→ **About this exercise**
What lines of the material hold the string "only"? Pull each of them out.

→ **Records for the exercise**
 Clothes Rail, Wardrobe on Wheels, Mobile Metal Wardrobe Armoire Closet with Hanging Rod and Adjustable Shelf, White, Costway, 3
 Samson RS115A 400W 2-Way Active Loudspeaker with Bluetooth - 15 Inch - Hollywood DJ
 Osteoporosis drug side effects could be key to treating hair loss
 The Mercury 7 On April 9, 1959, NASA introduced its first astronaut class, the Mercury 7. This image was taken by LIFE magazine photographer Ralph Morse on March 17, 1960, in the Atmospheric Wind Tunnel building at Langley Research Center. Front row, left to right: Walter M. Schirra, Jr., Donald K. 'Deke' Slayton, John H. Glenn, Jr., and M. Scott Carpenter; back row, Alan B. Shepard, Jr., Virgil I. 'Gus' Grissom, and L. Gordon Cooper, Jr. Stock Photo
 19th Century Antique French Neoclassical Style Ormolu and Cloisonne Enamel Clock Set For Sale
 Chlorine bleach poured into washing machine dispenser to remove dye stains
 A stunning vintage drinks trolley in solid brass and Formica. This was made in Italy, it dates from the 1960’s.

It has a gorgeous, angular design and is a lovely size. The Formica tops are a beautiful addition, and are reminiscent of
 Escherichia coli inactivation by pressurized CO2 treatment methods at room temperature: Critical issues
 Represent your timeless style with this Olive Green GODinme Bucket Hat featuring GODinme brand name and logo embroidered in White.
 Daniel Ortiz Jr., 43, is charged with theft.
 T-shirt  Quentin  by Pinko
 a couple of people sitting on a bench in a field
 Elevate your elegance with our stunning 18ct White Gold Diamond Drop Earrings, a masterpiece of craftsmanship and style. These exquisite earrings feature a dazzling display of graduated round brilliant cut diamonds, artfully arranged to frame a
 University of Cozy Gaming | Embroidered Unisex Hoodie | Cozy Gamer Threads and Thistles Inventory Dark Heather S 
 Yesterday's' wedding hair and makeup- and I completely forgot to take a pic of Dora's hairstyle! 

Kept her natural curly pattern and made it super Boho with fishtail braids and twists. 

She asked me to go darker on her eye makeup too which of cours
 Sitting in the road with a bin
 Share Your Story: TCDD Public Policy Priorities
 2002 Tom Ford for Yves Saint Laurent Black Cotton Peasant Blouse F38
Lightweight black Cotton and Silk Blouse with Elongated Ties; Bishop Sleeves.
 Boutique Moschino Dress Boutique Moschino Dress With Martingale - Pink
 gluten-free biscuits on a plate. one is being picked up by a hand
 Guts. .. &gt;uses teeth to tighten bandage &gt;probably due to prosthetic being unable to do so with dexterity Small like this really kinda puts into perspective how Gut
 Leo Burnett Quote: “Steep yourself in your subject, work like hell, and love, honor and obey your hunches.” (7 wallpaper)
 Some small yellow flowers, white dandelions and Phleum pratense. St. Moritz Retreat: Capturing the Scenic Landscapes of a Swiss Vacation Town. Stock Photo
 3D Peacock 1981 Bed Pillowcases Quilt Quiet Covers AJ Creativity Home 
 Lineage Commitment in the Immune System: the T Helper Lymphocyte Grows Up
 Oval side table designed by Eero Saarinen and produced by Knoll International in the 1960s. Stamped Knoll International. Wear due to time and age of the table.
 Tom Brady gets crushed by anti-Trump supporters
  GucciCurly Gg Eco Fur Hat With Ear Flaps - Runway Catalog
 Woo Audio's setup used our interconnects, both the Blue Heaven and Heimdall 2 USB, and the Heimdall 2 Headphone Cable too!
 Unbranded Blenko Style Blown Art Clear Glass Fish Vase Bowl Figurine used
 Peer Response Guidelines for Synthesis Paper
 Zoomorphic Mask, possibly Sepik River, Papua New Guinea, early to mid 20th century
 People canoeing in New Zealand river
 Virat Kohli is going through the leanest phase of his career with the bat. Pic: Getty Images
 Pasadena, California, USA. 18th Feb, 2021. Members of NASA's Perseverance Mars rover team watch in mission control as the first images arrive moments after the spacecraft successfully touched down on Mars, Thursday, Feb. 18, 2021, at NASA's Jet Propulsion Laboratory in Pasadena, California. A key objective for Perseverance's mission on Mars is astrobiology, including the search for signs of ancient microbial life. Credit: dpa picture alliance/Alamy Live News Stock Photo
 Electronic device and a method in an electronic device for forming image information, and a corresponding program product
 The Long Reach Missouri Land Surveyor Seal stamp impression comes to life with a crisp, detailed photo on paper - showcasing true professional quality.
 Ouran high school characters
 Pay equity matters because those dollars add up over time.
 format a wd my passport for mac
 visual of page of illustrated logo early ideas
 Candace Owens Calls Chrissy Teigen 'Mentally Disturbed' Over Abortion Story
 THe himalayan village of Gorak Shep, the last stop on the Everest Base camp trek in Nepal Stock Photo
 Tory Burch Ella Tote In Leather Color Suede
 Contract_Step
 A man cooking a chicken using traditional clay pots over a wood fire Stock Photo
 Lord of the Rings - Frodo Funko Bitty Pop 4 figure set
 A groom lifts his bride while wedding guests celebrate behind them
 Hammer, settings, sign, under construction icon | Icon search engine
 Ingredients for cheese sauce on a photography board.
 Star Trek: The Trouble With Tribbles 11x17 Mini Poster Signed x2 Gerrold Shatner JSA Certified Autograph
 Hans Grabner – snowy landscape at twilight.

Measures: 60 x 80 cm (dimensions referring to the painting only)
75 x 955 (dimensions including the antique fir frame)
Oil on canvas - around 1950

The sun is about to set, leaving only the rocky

→ **Output for this exercise**
Measures: 60 x 80 cm (dimensions referring to the painting only)
The sun is about to set, leaving only the rocky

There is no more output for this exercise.